The immunostimulatory effects of IL-10 were also examined by other authors in malignant diseases (Suzuki et al. 1995; Mosser and Zhang 2008). IL-10 stimulation promotes a T-cell activation and the differentiation of CD8 + T cells (Mannino et al. 2015). This activation of T cells could be the explanation of the reduced RR which we have found in our study. After the treatment with IL-10, patients showed a significant decrease of interleukin-1 (IL-1) and increased interferon-gamma levels (Tilg et al. 2002; Lauw et al. 2000). Until now, IL-1 has been known as a proangiogenic cytokine and promoter of tumor formation (Voronov et al. 2007). The transfection of tumor cells with IL-10 or another systemic therapy of IL-10 suppressed the tumor growth and caused tumor rejection. In addition, the genetic ablation of IL-10 in the mouse increased the sensitivity to chemical carcinogenesis, augmented the growth of transplanted tumors and accelerated the formation of metastases (Berti and Brajão de Oliveira 2018). The tumor-microenvironment consists of regulatory T cells, dysfunctional antigen-presenting cells and myeloid-derived suppressor cells. Exactly those cells create an immunosuppressive network and can therefore promote tumor growth. We want to highlight that the cytokine IL-10 hampers the development of previously mentioned cells.

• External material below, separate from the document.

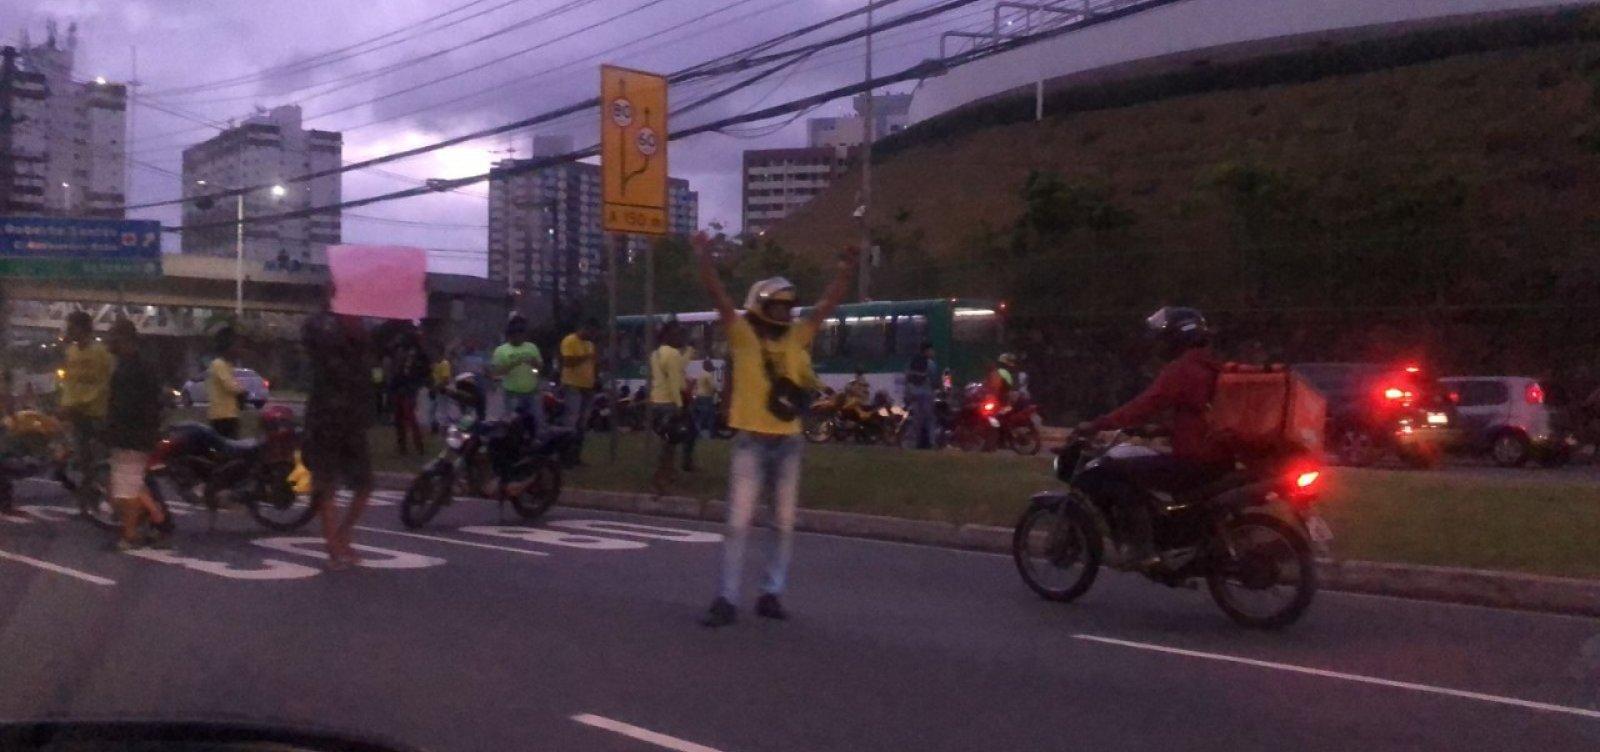 Contra aumento no preço de gasolina, protesto de mototaxistas trava Avenida Paralela; veja vídeo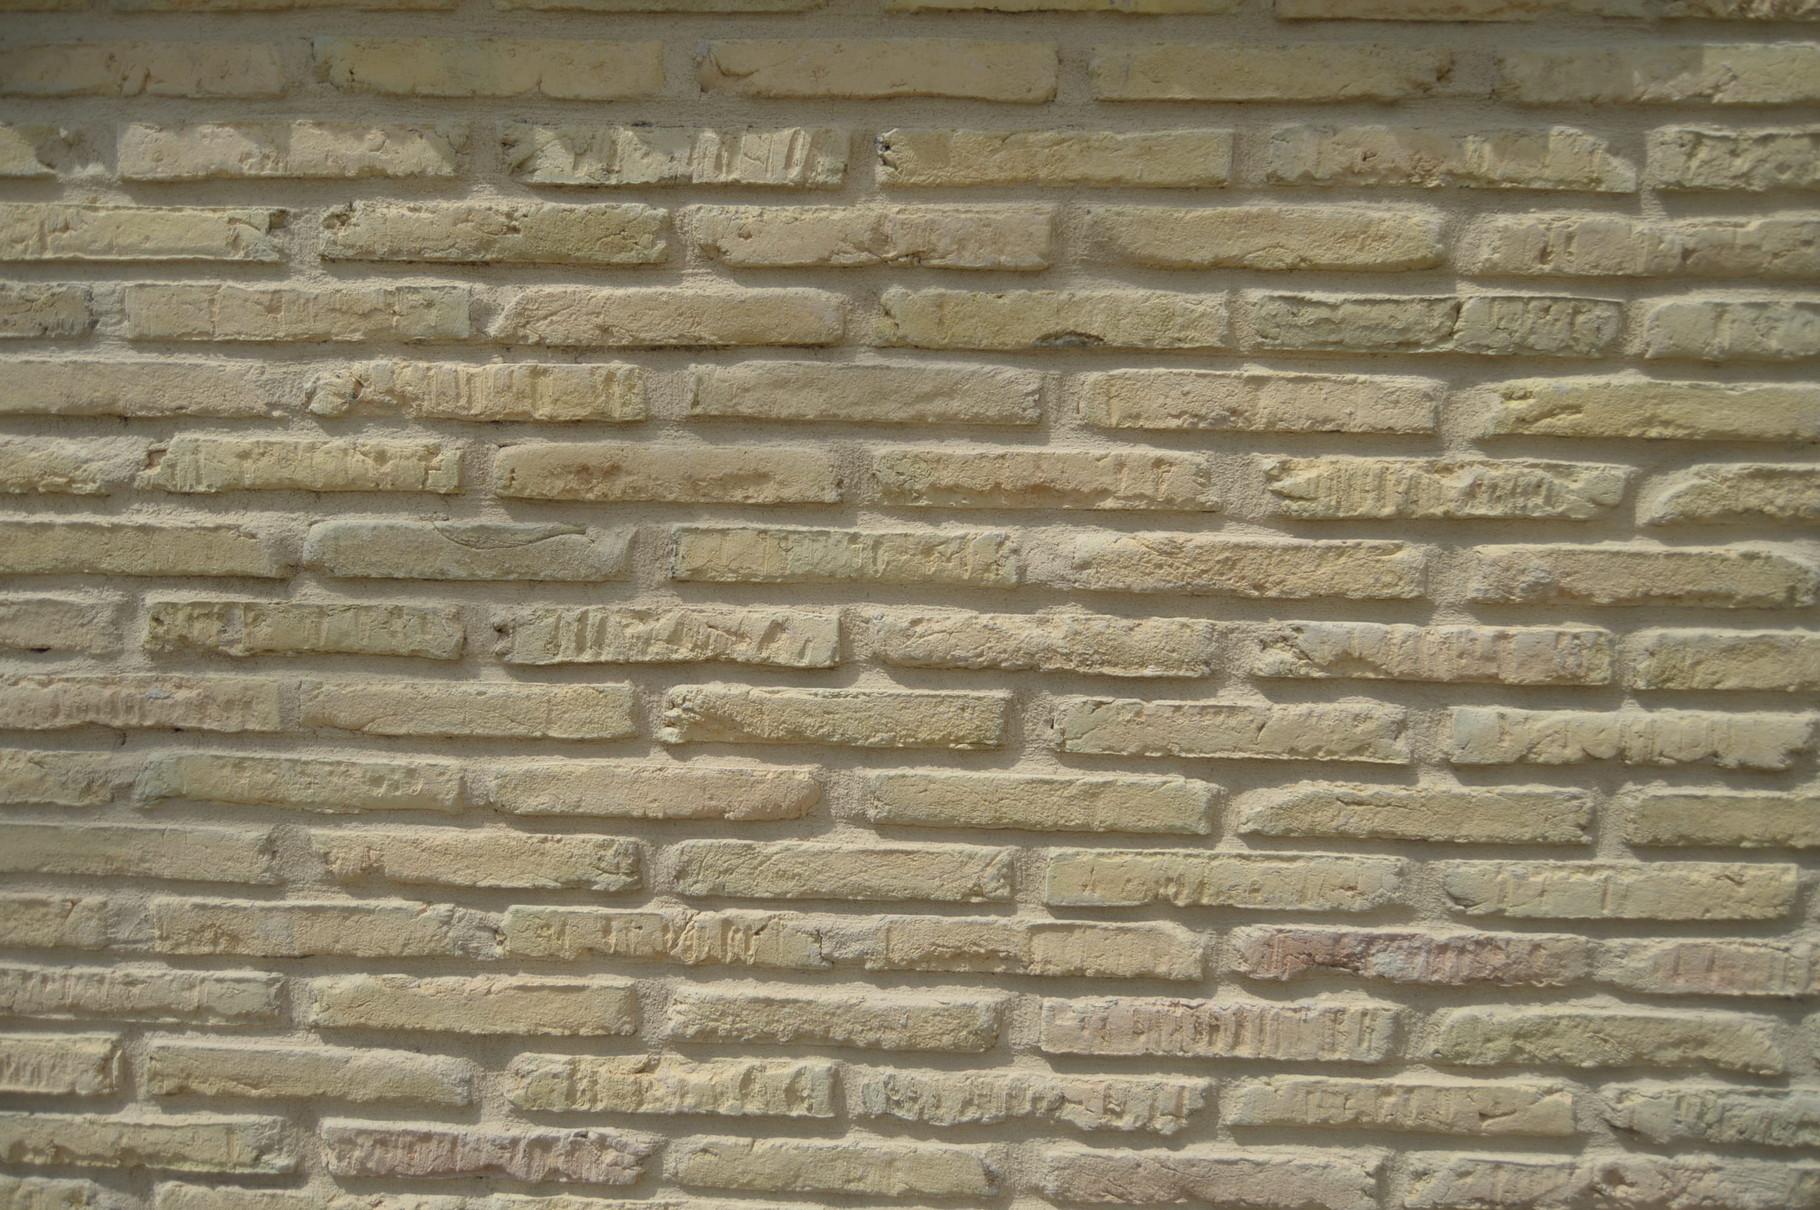 Ladrillo rustico galeria de fotos r sticos zorzano - Ladrillo visto rustico ...

In conclusion, IL-10 is responsible for inhibiting tumor development, tumor growth and formation of metastases. Furthermore, IL-10 can regulate inflammatory cytokine production. Aborsangaya et al. (2007) has demonstrated that the IL-10-592 CC genotype causes a higher production rate of IL-10 than the CA- or AA-genotype. These observations agree with our results that the genotype IL-10-592 CC in the donor induced a significant decrease of RR as well as a significant increase of EFS and OS after HSCT in children with hematological malignancies. To our knowledge, this is the first study to describe an association of IL-10 gene polymorphism with RR after HSCT. Selecting a donor with the IL-10-592 CC genotype could be useful therapeutic strategy for improving the outcome after allogeneic HSCT. Additionally, further studies are necessary to confirm our results.